7月23日(火)、専門学校ミュージシャンズ・インスティテュート東京(MI TOKYO)にて、カナダのギタリスト:ニック・ジョンストンのギター・クリニックが開催された。在校生や入学希望者を対象に限定しており、会場にはギタリストを中心とした若手の参加者が詰めかけ、盛況となった。その様子を特別に見せてもらうことができたので、レポートをお届けしよう。
自然体かつ巧みなデモ演奏と丁寧なアドヴァイス
セミナーはニックが自身のソロ曲をオケに合わせたデモ演奏とQ&Aコーナーを交互に挟む形で進行していくのだが、ニックは開口一番「初めの質問はみんな緊張するだろうから、真っ先に手を挙げた人には僕が今使ったばかりのピックをプレゼントするよ!」と、気遣いを交えた声をかけて参加者の緊張をほぐしてくれた。
まずは今年発売された最新ソロ『CHILD OF BLISS』からタイトル・トラックの「Child Of Bliss」、続いて前作『WIDE EYES IN THE DARK』(2019年)から「A Cure Promised」が披露された。キャッチーな要素の多かった初期作品に比べ、より深淵さを増した楽曲の中でフレーズやメロディーを巧みに操るニックは、実に自然体。ギターのあらゆる箇所を使って繰り出されるニュアンス豊かな音色やパフォーマンスには、思わずため息が漏れる。
Q&Aコーナーでは興味深い質問が次々と寄せられた。「あなたは全然緊張しているように見えませんが、自分がステージに上がると緊張してしまうのを克服するにはどうしたらいいですか?」という問いかけには「長年練習を続けたことで自信がついたんだ。それと“楽しむ”ことをゴールにすること」と回答。「あなたの楽曲はノスタルジーを感じさせるところがありますが、コード進行をどんな風に作っているのですか?」という質問には、「レッド・ツェッペリンを聴いていた子供の頃から、自然と“間違った音”…あとからそれはテンション音のことだとわかったけど、そういったものを足す響きの方が面白いと感じる気持ちが自然とあった」などと一つ一つに丁寧に答え、時には自らの体験も赤裸々に明かしながらアドヴァイスと激励を送っていた。
また、集まった在校生の大半にはアジアやヨーロッパを含む留学生が多く参加しており、会場では日本語と英語がひっきりなしに飛び交っていたのも印象的で、言語や音楽という2つのコミュニケーションを通して多くの学びを得ようとする生徒たちの姿勢を垣間見ることができた。

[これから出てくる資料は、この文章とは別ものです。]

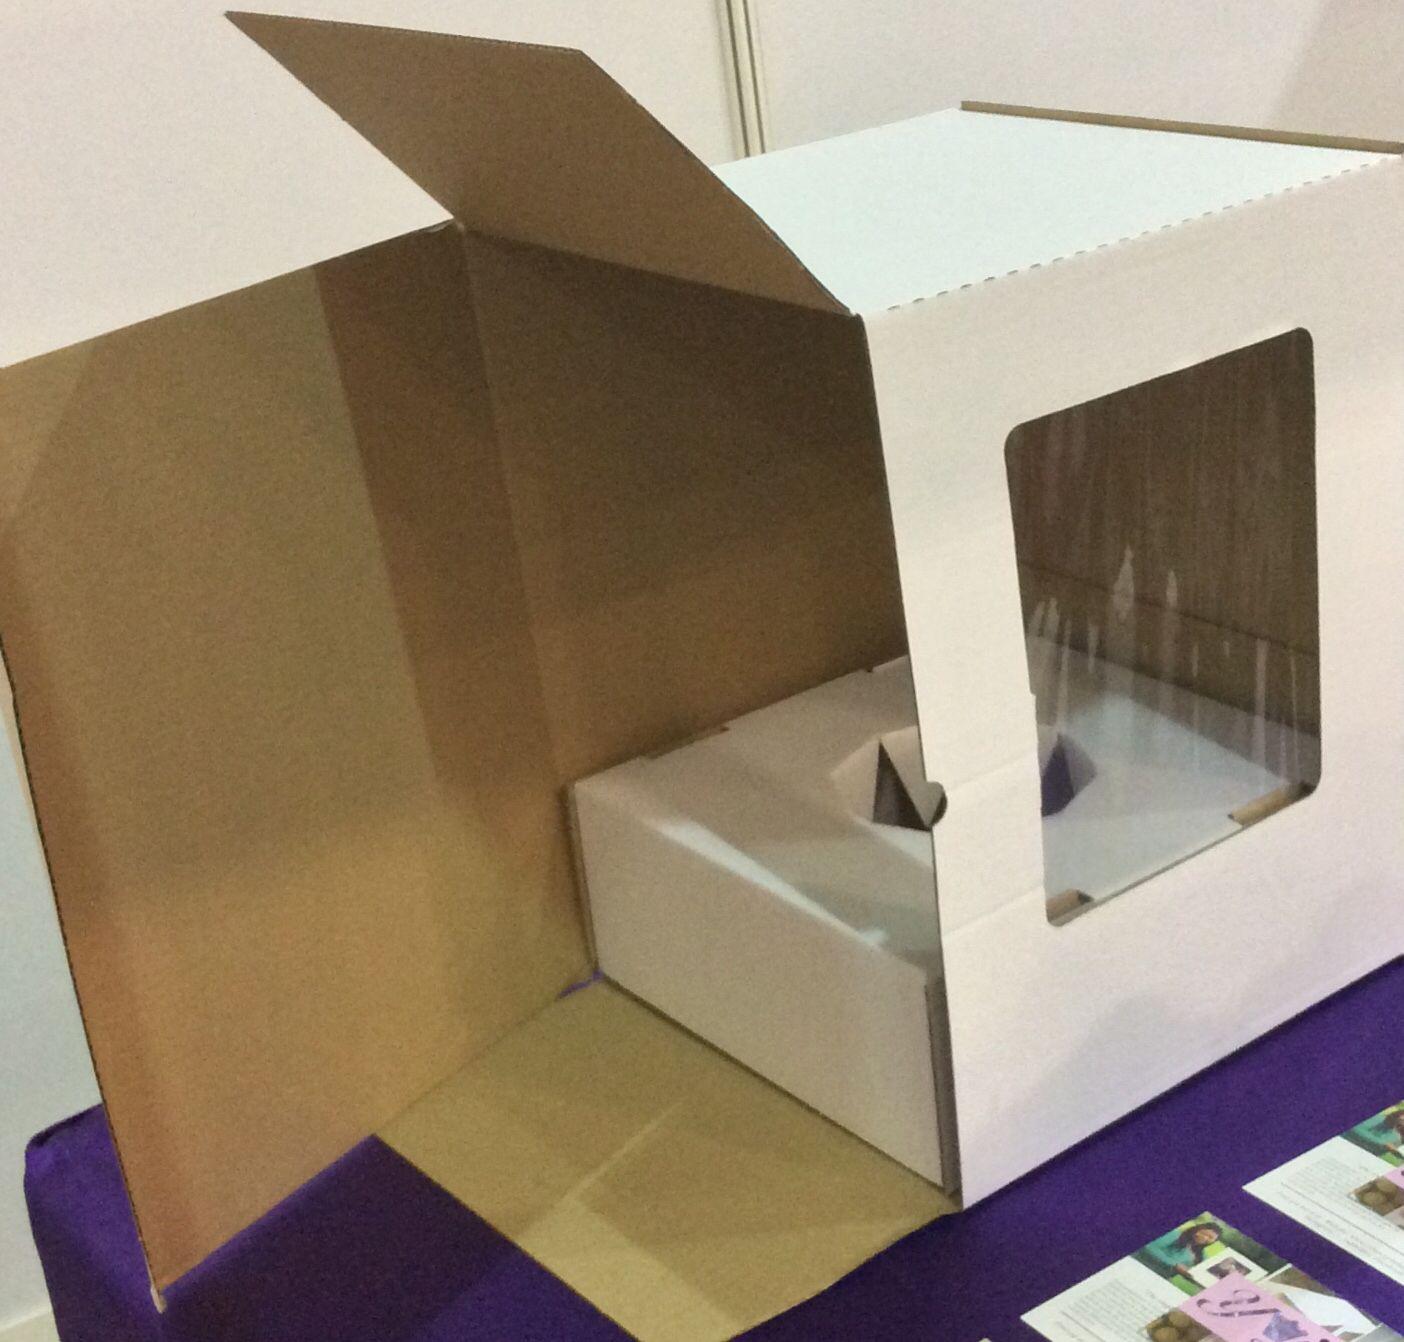 100 wedding cake box for transporting best 25 wedding cake display ideas on pinterest. Black Bedroom Furniture Sets. Home Design Ideas

他にも「Remarkably Human」(2016年『REMARKABLY HUMAN』収録)や「Wide Eyes In The Dark」など計4曲のデモを演奏し、90分に及ぶセミナーは瞬く間に終了した。サイン会では列に並んだ参加者一人一人とじっくり言葉を交わし、名残惜しそうに会場を後にしたニック。若い世代に大きなインスピレーションを与えたイベントとなったようだ。
使用機材
この日ニックが使用していたのは、シェクター製のシグネチュア・モデル“Nick Johnston USA Signature Flame Top Nitro”。セミナー中も「ウェンジのネックにエボニー指板、これがとってもお気に入りなんだ」と絶賛していた。アンプは持参のNeural DSP“Quad Cortex”を、会場にセッティングされたボグナー“Helios Eclipse”に接続していた。